3. Finally, it uses `rerank_documents` on the processed content to identify the most relevant passages before answering.

## Frequently Asked Questions

**How does the `search_web` tool work with my agent?**
`search_web` performs an AI-optimized web search, giving you curated results instead of raw links. This means your agent gets snippets specifically formatted to be useful for LLM processing.

**Can I use `read_url` on a private site?**
No, it reads public URLs. The tool's function is to fetch and clean content from publicly accessible web addresses so your agent can process the text reliably.

**`rerank_documents` helps me narrow down search results, right?**
Exactly. If you gather a bunch of documents or snippets, `rerank_documents` sorts them by relevance to your query. It puts the best material at the top so you don't have to sift through noise.

**What is the difference between `search_web` and `read_url`?**
`search_web` finds many potential sources across the web. `read_url`, on the other hand, takes one specific source and extracts all of its clean content.

**When I use `get_embeddings`, does the tool handle large lists of strings effectively?**
Yes, it processes multiple inputs in optimized batches. This is crucial for performance when you need to calculate semantic similarity across hundreds of documents.

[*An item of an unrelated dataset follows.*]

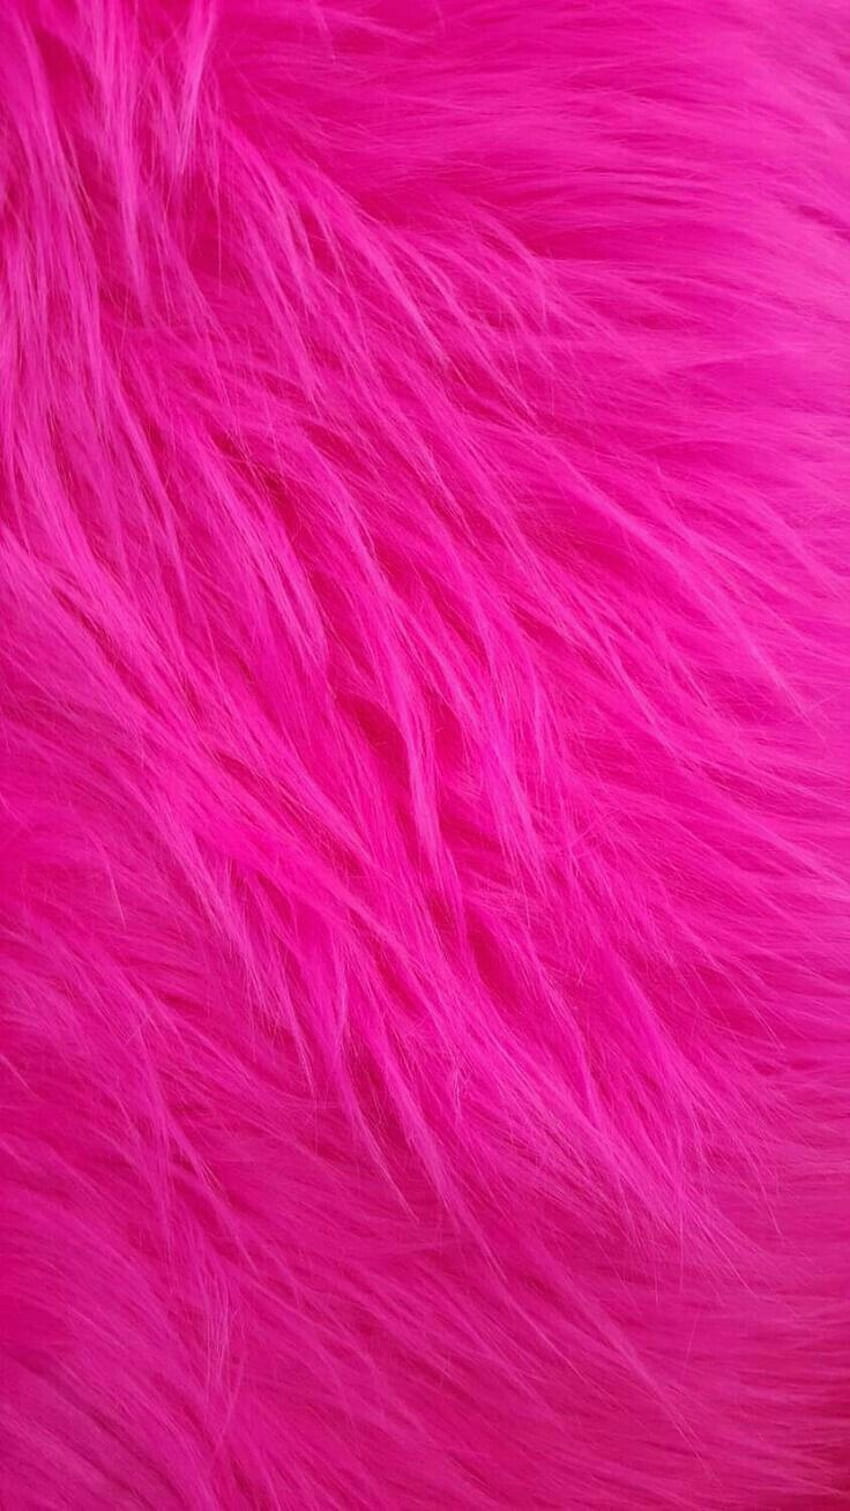 Pink Fur . Fondo de pantalla rosado para iphone, Fondos de brillos, iPhone fondos de pantalla, Pink Fashion HD phone wallpaper
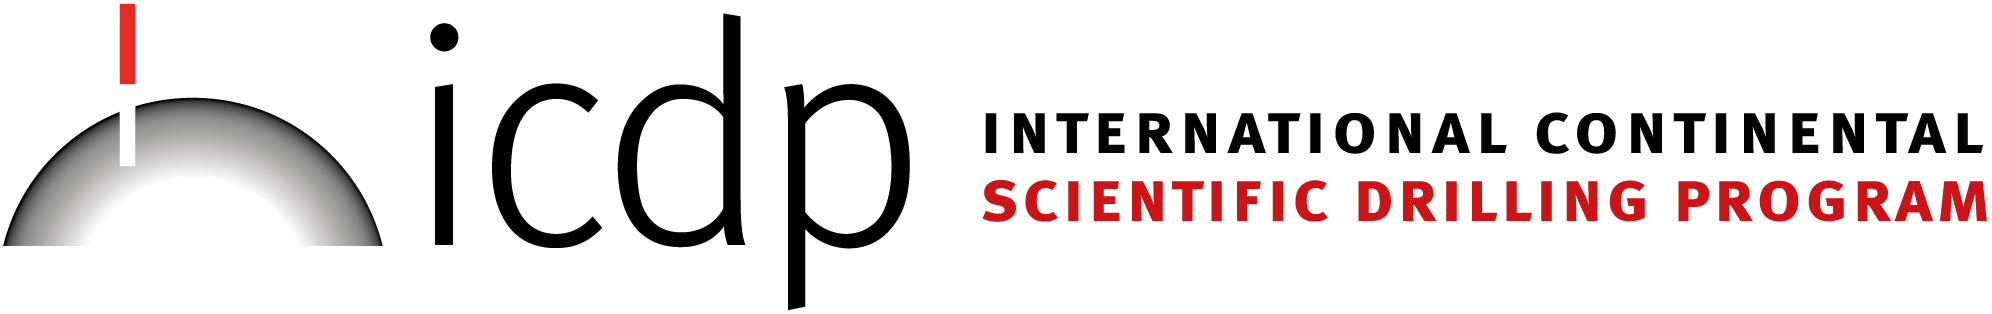 Logo for International Continental Scientific Drilling Program (ICDP)

**What makes the `check_fact` output trustworthy? Does it just guess?**
No, it grounds its responses using verifiable search sources. You get more than a simple true/false; you receive details and links supporting the claim's accuracy.

**If I run `read_url` on an article with messy HTML, will the content still be usable?**
It strips out the junk. The tool is designed to deliver clean, LLM-ready text, leaving behind only the actual readable content from the URL.

**For very long documents, how should I use `tokenize_text`? Is there a limit?**
It's built to manage large inputs by breaking them into manageable chunks. This process helps you control context size and avoid hitting token limits in your agent.